• [Exercise] I'd like the entire listing output verbatim, apart from the pictures.

• [Supplied data]

------------------------------------------------------------------------

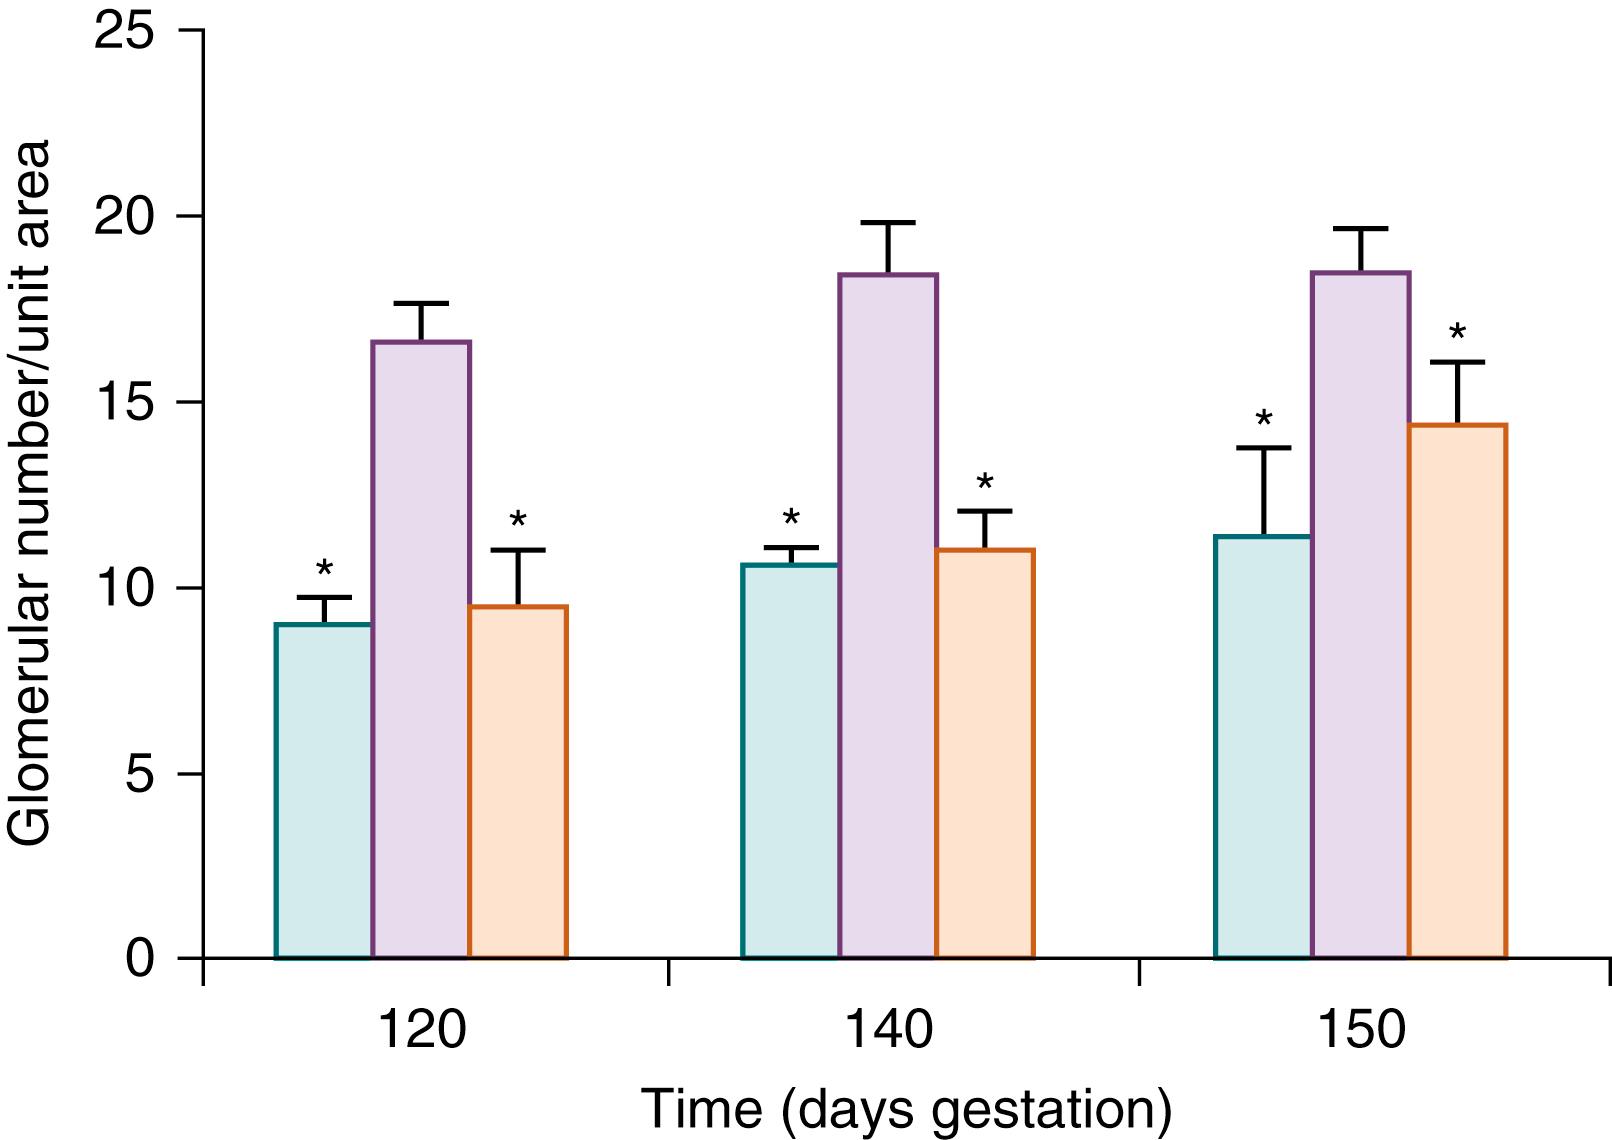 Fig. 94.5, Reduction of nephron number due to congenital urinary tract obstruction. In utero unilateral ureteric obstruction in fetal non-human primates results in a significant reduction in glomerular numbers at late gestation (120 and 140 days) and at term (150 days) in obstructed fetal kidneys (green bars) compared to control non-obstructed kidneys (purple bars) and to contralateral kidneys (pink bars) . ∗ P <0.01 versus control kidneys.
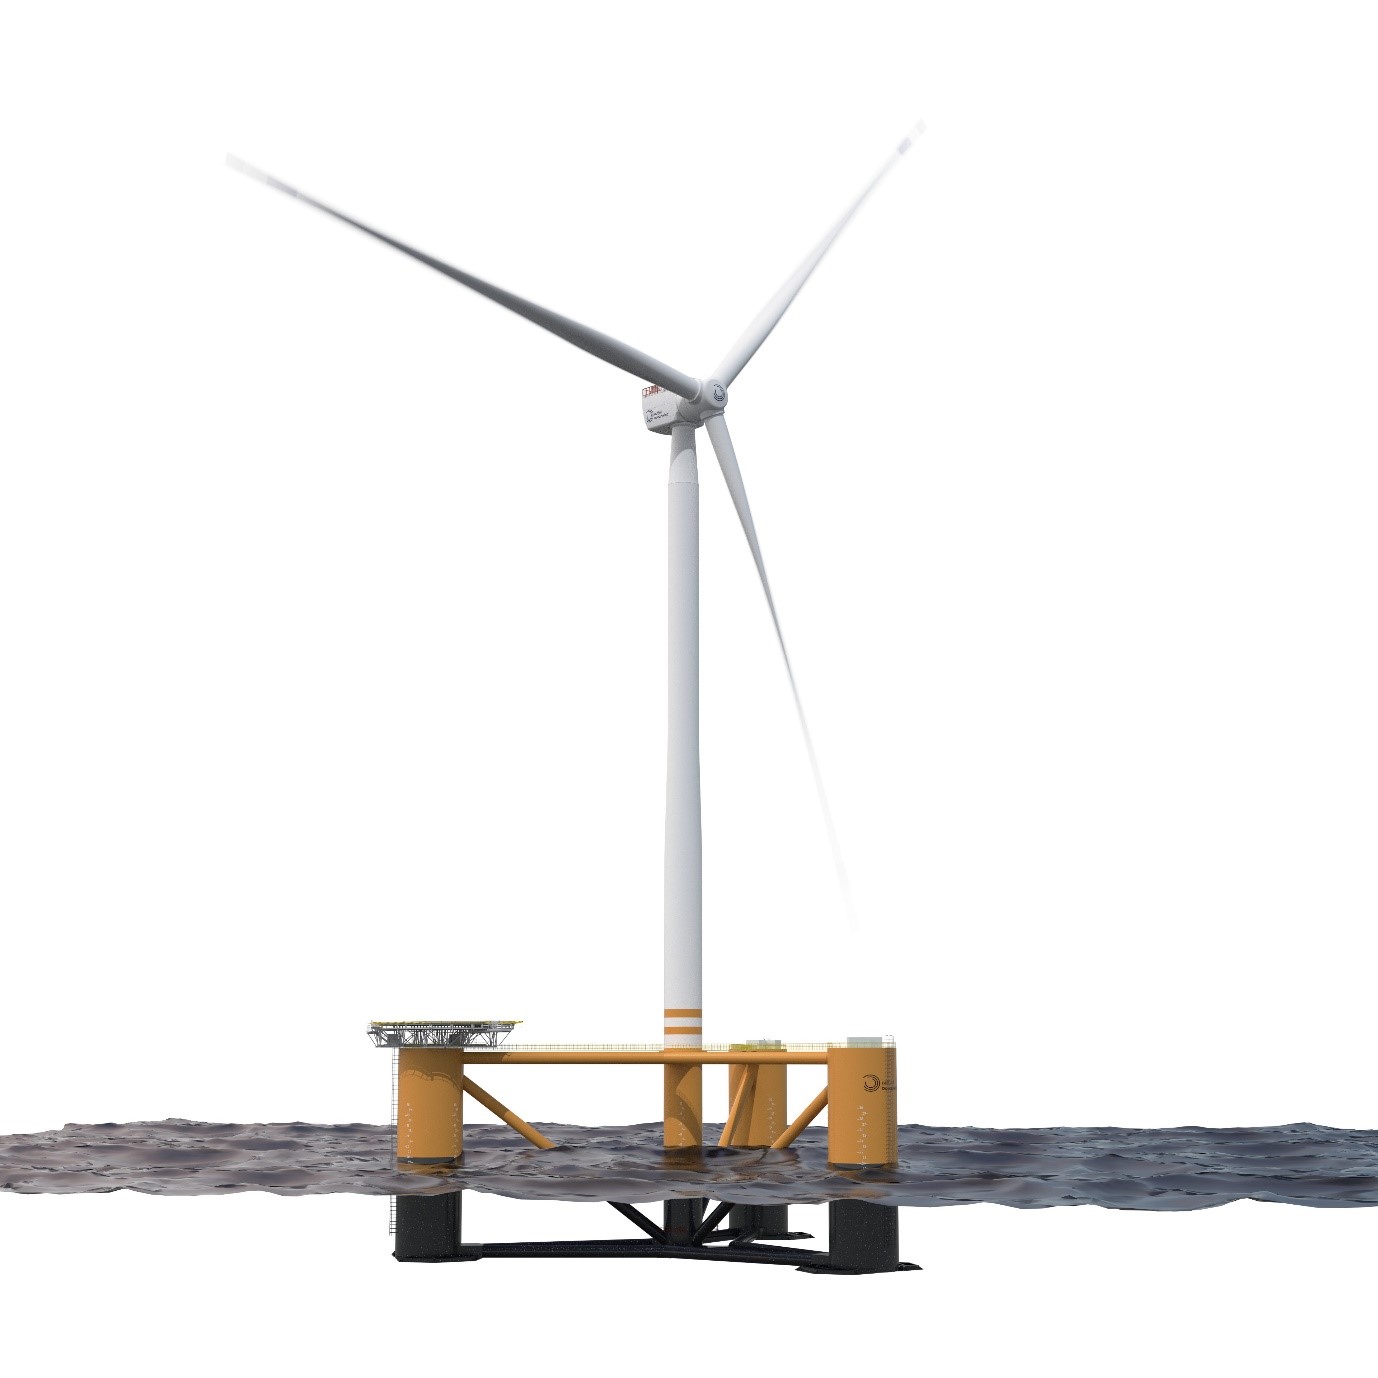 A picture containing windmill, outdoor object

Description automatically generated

------------------------------------------------------------------------

• [Answer for this exercise]
 Fig. 94.5, Reduction of nephron number due to congenital urinary tract obstruction. In utero unilateral ureteric obstruction in fetal non-human primates results in a significant reduction in glomerular numbers at late gestation (120 and 140 days) and at term (150 days) in obstructed fetal kidneys (green bars) compared to control non-obstructed kidneys (purple bars) and to contralateral kidneys (pink bars) . ∗ P <0.01 versus control kidneys.
 A picture containing windmill, outdoor object

Description automatically generated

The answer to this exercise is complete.